Многих советских пушкинистов, да и дореволюционных либералов, легкомысленный тон записки приводил в восторг; церковных же людей должен повергать в смятение. Чаще всего исходят из убеждения, что это - отзыв Пушкина на стихи "русского епископа": на те самые стихи "Не напрасно, не случайно", о которых буквально через несколько дней Пушкин будет с благоговением и благодарностью писать в своем стихотворном ответе "В часы забав иль праздной скуки". Такое двуличие нисколько не смущало атеистов, наоборот, воспринималось как остроумная шутка, доказывающая, с одной стороны, духовный гнет, которому подвергался поэт, а с другой - его презрение к Церкви. Что касается верующих, то, касаясь этого эпизода, некоторые, вопреки нормальному слуху и здравому смыслу, пытаются насильно истолковать записку в "благочестивом" духе, как бы предлагая читателю закрыть глаза и заткнуть уши [cм.: В. Непомнящий. Слово о благих намерениях. Письмо в редакцию сборника "Пушкинская эпоха и христианская культура".- "Московский пушкинист", вып. II, М., "Наследие", 1996 (то же в книге "Пушкин. Русская картина мира"). - В.Н.].
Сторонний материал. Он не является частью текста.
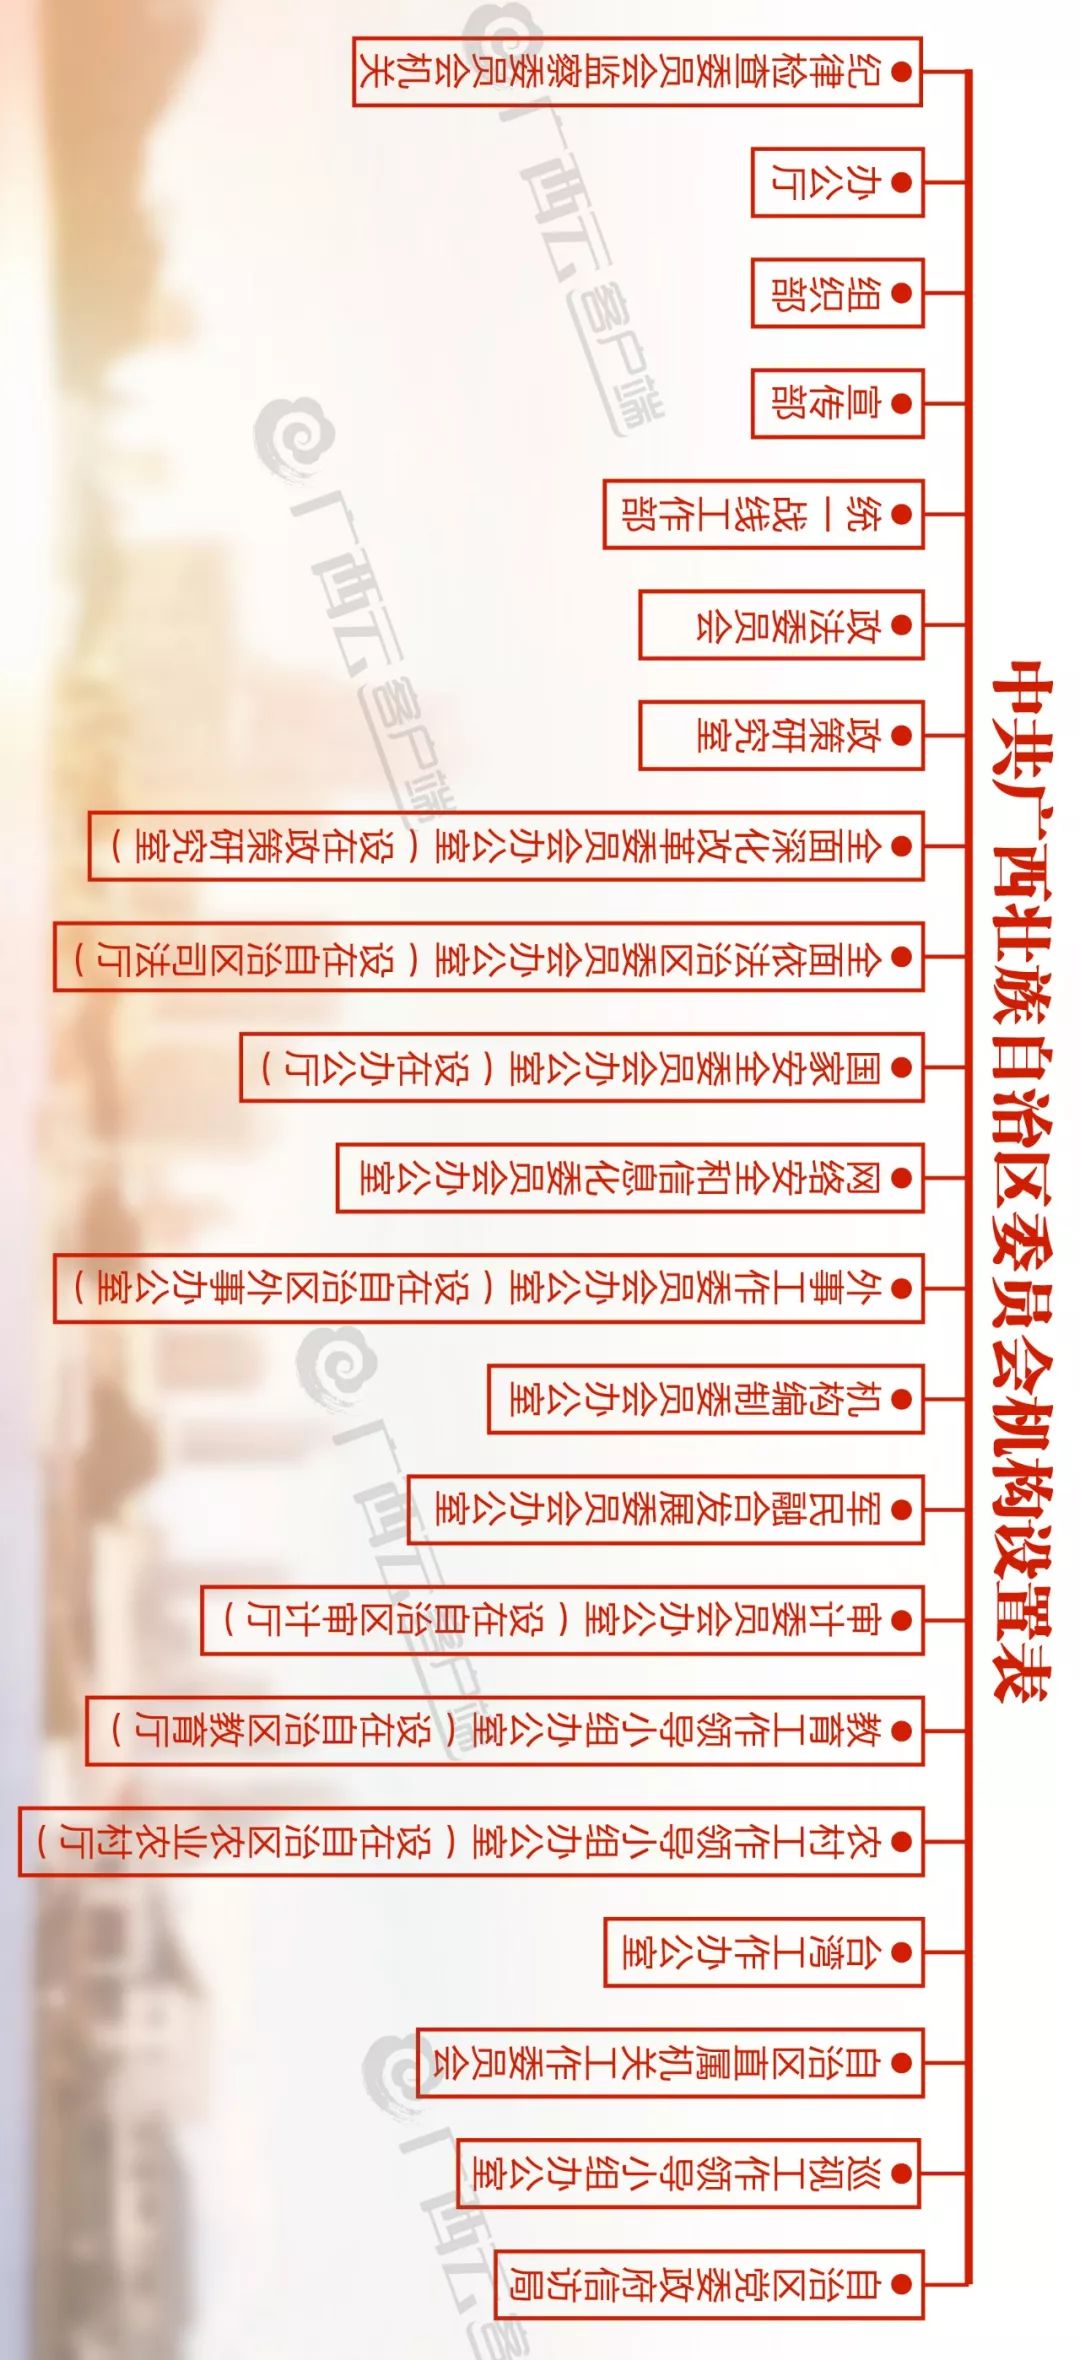 广西机构改革方案公布 一批新部门机构名称11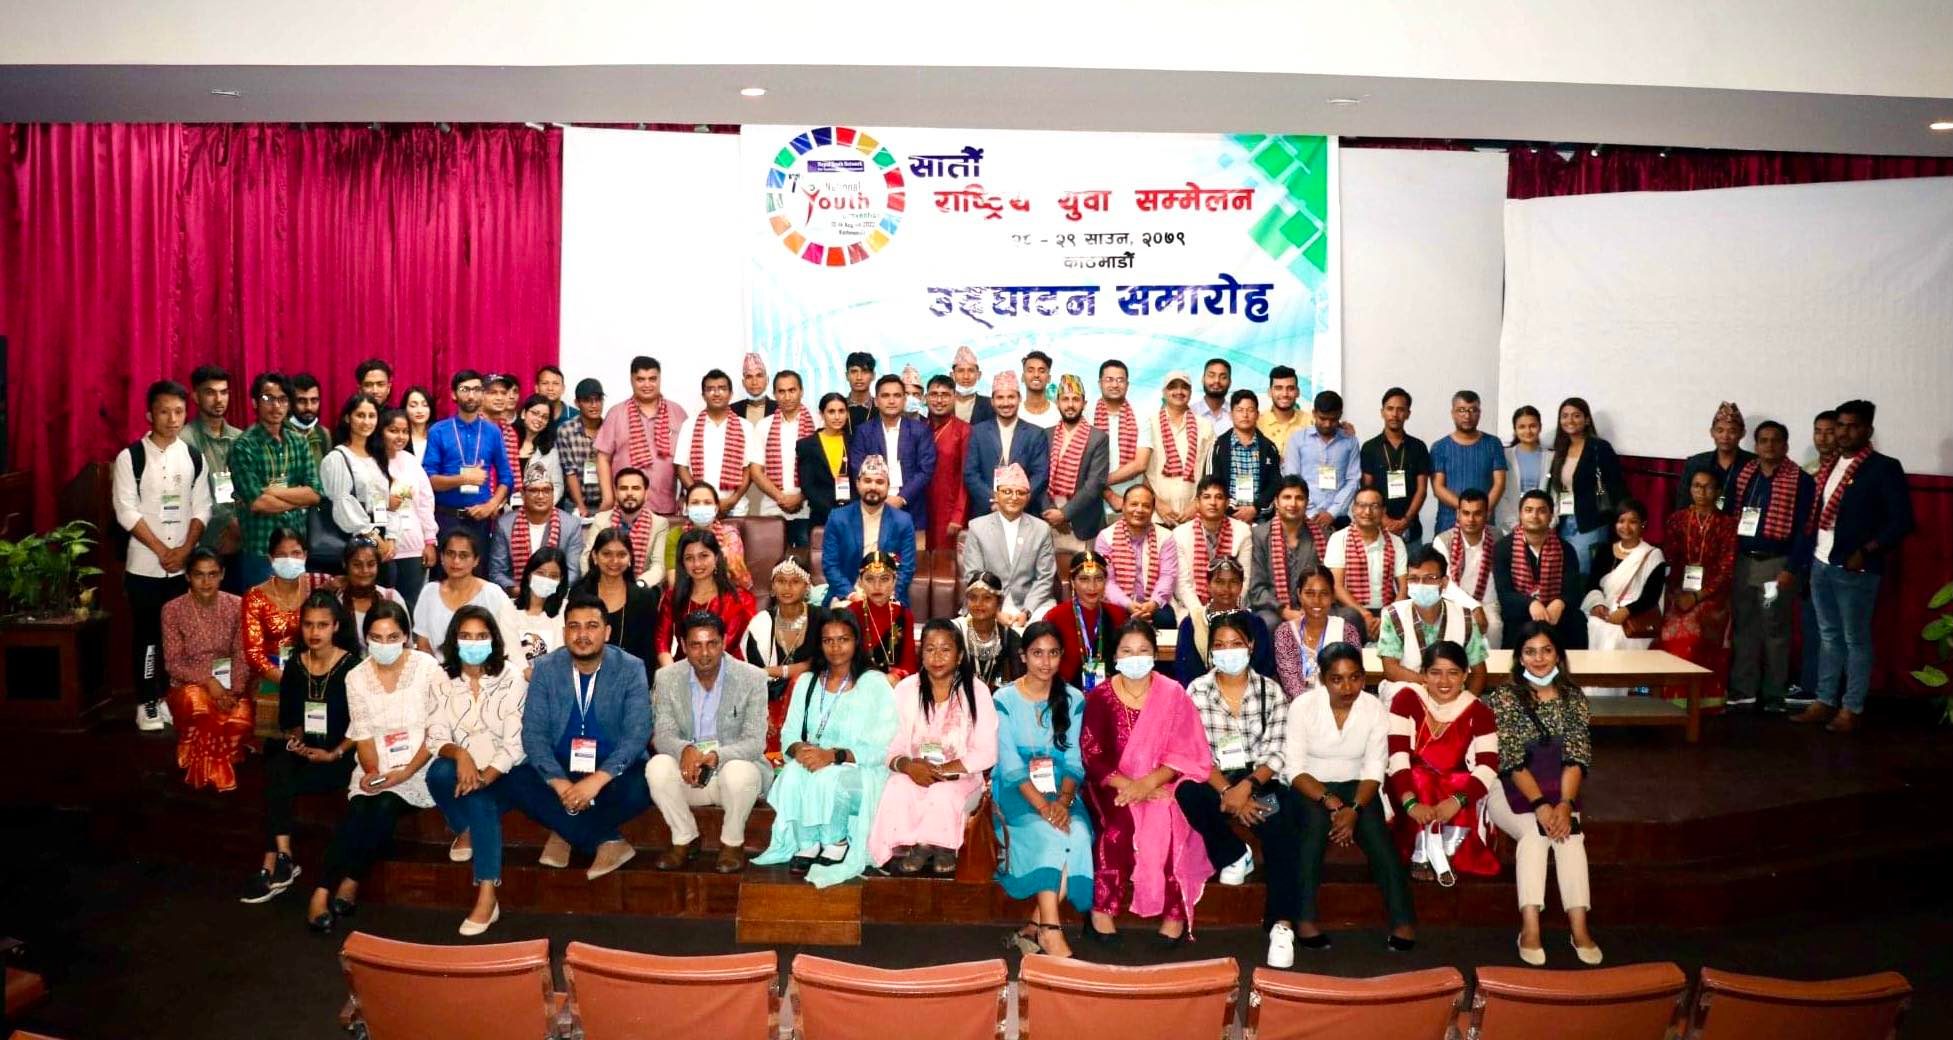 नौँ बुँदे काठमाडौं घोषणापत्र जारी गर्दै सातौं राष्ट्रिय युवा सम्मेलन सम्पन्न

Все на самом деле обстоит очень просто. До последнего времени как-то не замечали, что записка - вовсе не о стихах митрополита: поэт их еще не знает - он пишет ответ на приглашение прийти и прочесть их. Отсюда - все особенности письма. Пушкин смущен, встревожен, может быть, даже несколько напуган; полтора года назад он написал стихотворение мрачное, бунтарское, в сущности богохульное (неприятностями в то время грозили и куда более робкие проявления религиозного вольномыслия); и вот теперь, когда он уже пережил и оставил позади этот тяжкий момент (тем легче ему сейчас назвать "Дар напрасный..." "скептическими куплетами"), когда позади дело о "Гавриилиаде", подвергнувшее его совесть жестокому испытанию, когда он изрядно устал от целого ряда конфликтов с властями, от того, что любое начальство, от шефа жандармов до квартального надзирателя, непрестанно учит его, как себя вести, можно ли читать друзьям свои произведения или нельзя, куда ему ездить позволено, а куда нет (ибо он - после другого разбирательства, относительно стихотворения 1825 года "Андрей Шенье", - на всякий случай оставлен под надзором), - в это время высшее "церковное начальство" в лице первоиерарха, к тому же в светских гостиных пользующегося репутацией человека сурового и жесткого, тоже изволит его учить и делать - в стихах! - выговоры...
И он, растерянный и раздраженный, не решается прийти сразу, когда его зовут, а покамест, в записке, отчаянно гусарствует, заранее по-мальчишески дерзит: "...это право большая удача".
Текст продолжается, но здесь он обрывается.